2006-10-18 Thread János Juhász
Hi Kent,

thanks your respond.

  I have to remove the thousand separator by moving the numbers before 
it to
  right.
  So the number and char groups has to be left in their original 
position.
 
  I have to make this kind of changes on the problematic lines:
   MOATOT79   47.281,680  DKK4
   MOATOT7947281,680  DKK4
 
  I have no idea how to make it :(

 Break it up into smaller problems:
 for each line in the data:
 break the line up into fields
 fix the field containing the amount
 rebuild the line
 
 You don't really have to make a regex for the whole line. re.split() is
 useful for splitting the line and preserving the whitespace so you can
 rebuild the line with the same format.

 Kent

I can't find the way to preserve the whitespace at split.

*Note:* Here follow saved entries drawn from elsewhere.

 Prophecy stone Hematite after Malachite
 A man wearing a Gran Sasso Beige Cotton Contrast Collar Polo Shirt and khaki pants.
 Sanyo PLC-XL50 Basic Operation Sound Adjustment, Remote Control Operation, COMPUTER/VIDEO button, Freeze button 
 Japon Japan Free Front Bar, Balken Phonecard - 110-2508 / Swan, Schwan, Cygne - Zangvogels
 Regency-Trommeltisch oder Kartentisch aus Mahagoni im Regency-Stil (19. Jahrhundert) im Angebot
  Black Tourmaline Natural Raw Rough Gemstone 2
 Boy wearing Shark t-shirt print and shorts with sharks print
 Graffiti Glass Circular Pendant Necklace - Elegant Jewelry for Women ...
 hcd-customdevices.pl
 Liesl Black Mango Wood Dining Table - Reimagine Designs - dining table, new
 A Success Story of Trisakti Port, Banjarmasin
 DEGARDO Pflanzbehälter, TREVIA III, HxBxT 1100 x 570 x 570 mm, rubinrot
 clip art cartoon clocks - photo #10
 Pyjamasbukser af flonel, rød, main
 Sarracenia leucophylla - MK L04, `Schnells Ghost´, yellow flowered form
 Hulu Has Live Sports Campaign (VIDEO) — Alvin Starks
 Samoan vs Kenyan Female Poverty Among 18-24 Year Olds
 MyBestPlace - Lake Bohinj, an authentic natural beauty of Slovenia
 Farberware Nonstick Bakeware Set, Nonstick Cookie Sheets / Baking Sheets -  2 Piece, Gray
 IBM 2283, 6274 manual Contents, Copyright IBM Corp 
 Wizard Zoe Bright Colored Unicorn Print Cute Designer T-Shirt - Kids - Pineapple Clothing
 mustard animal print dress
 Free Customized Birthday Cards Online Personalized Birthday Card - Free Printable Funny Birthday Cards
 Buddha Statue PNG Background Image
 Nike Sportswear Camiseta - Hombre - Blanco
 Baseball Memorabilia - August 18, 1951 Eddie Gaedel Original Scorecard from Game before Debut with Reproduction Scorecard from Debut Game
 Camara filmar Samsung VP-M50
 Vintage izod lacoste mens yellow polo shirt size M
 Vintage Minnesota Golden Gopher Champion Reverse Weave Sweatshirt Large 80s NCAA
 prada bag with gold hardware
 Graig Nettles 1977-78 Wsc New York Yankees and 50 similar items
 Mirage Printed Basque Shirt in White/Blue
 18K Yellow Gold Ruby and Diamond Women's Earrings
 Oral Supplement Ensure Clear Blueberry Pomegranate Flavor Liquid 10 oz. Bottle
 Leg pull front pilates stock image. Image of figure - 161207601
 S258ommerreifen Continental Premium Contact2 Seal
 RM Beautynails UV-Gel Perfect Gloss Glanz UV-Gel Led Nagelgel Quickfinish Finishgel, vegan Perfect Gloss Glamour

But I found a way to use regexp.

import re
# this is a group of numbers, followed by a dot, followed by 3 numerics 
and a comma
pat = re.compile(r'(\d+)\.(\d{3},)')

def replace_thousand_separator(line):
# when the '.' removed a space has to be prepended
return re.sub(pat, r' \1\2', line)

for file in glob.glob('*.doc'):
lines = open(file, 'r').readlines()
lines = [replace_thousand_separator(line) for line in lines]
open(file, 'wt').writelines(lines)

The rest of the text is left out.